The value of farmland across Canada for the first six months of 2024 increased by 5.5 per cent.
That’s according to a mid-year farmland values review done by Farm Credit Canada, which cited elevated borrowing costs and lower commodity prices as factors.
FCC says over the last 12 months from July 2023 to June 2024 there was a 9.6 per cent increase in values, which is a slower rate compared to the previous 12 month period of January to December 2023.
Saskatchewan had the largest average increase in the first half of this year among the provinces at 7.4 per cent. Comparing the other prairie provinces, farmland values in B.C. increased 4.6 per cent, Manitoba had a growth rate of 3.9 per cent, and Alberta at 5 per cent.
FCC believes the increased prices of farmland won’t deter buyers. Looking ahead, FCC expects declining borrowing costs and a limited supply of available farmland should sustain the current high prices for farmland.
“The continued rise in farmland values highlights a positive and robust long-term outlook for the agriculture sector. As we move into the latter half of 2024, the trends in farm revenues and interest rates will be key indicators of where farmland values might head next,” said FCC Chief Economist J.P. Gervais.

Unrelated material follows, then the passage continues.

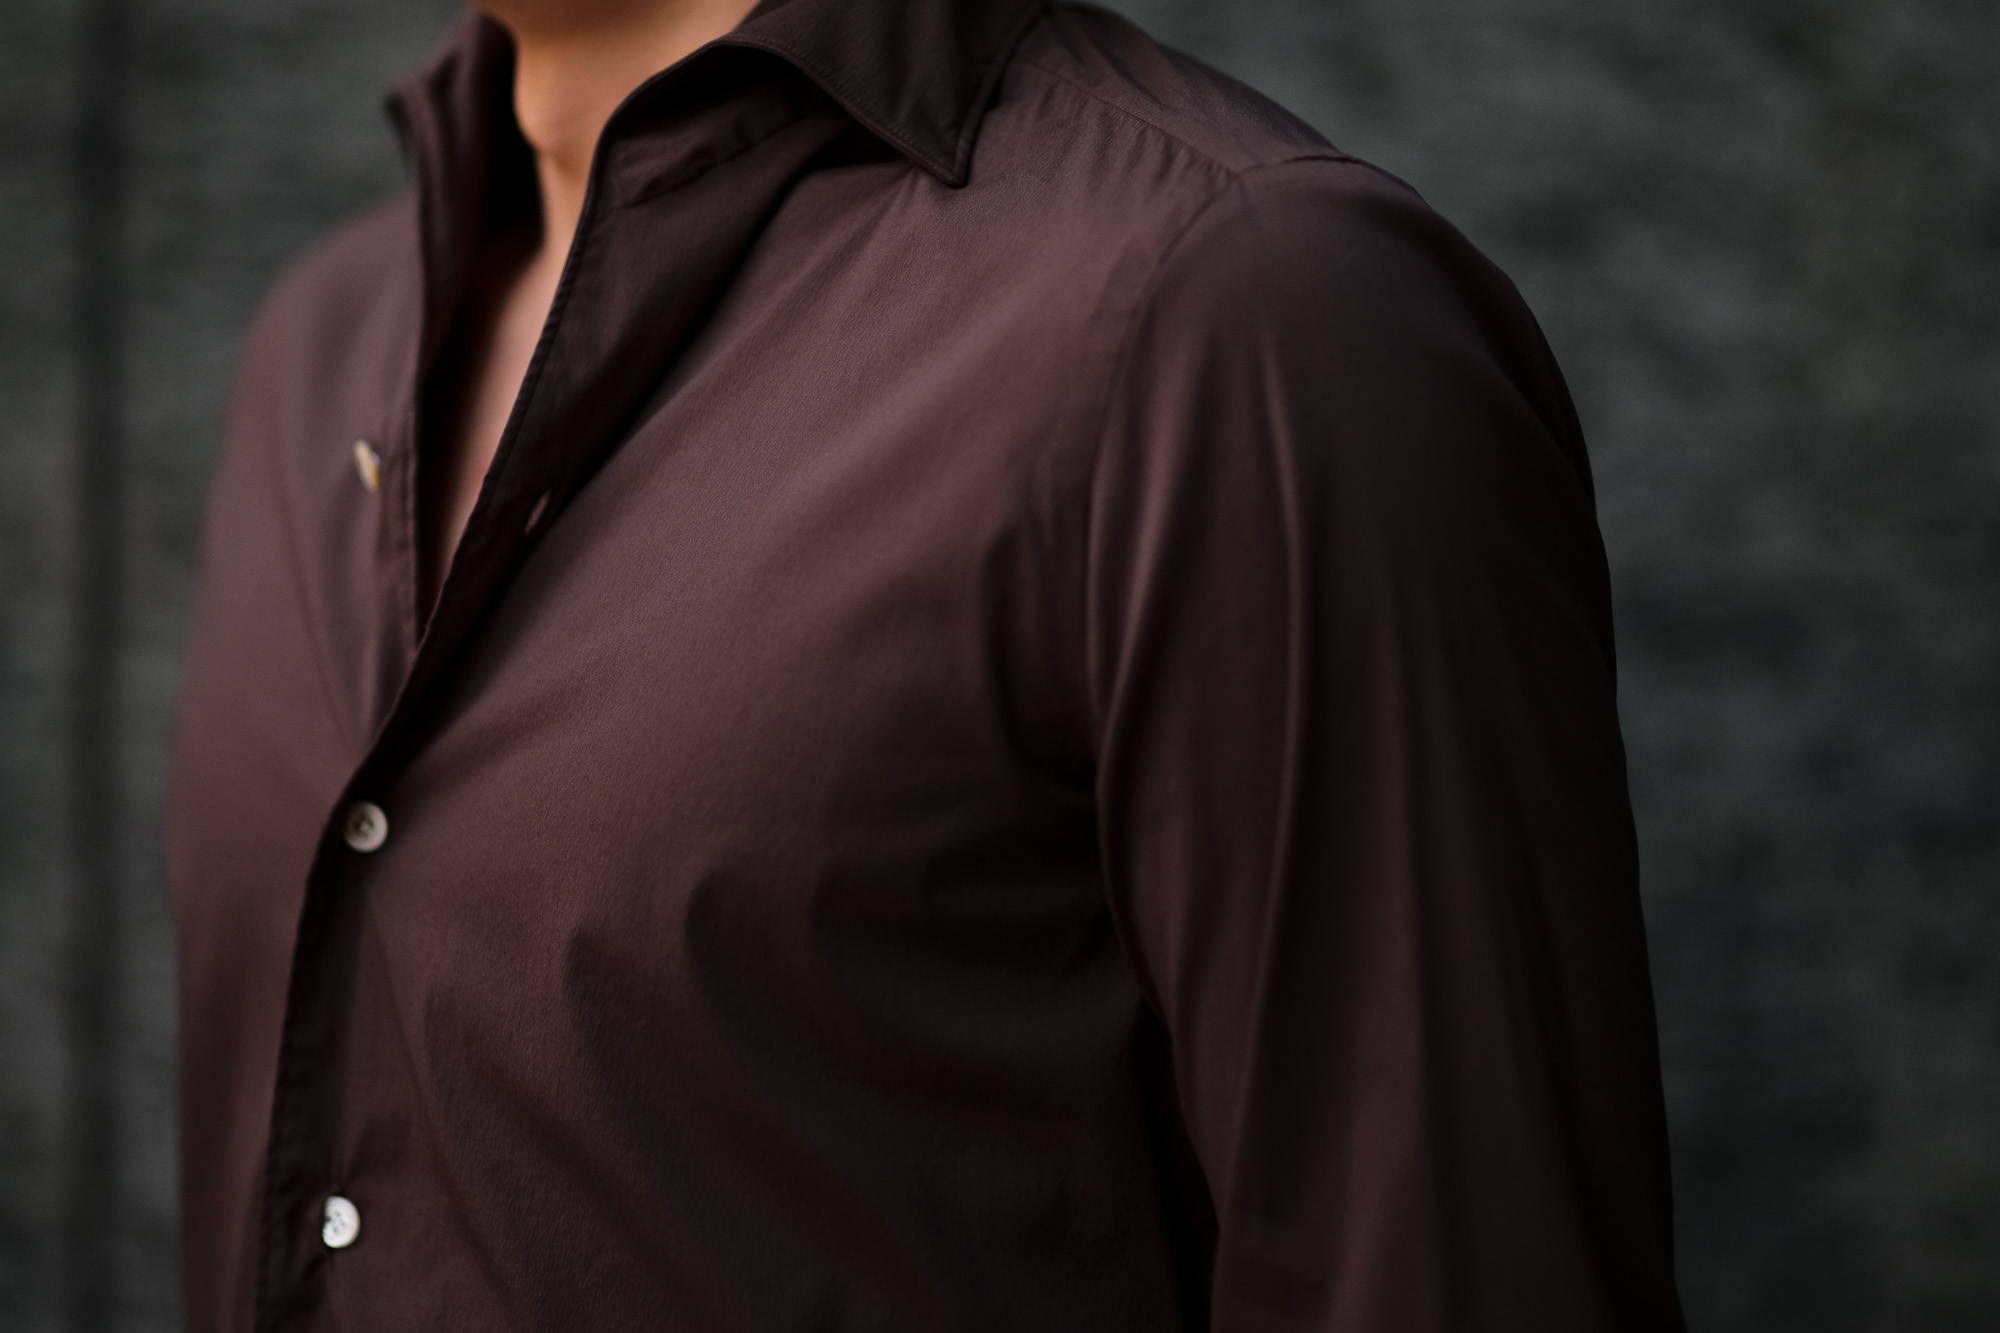 Finamore (フィナモレ) SEUL ITALIAN COLOR STRETCH COTTON SHIRTS ストレッチコットン ワンピースカラー シャツ BROWN (ブラウン) made in italy (イタリア製) 2020 春夏新作 愛知 名古屋 altoediritto アルトエデリット シャツ

Gervais noted that farm cash receipts are projected to decline this year by 3.3 per cent “as commodity prices show few signs of a quick rebound, possibly limiting farmers’ willingness and capacity to assign higher valuations to farmland.”
“Understanding economic and financial trends is essential for making informed decisions. FCC is committed to providing the industry with data-driven insights that can help producers and investors navigate the current economic headwinds,” added Gervais.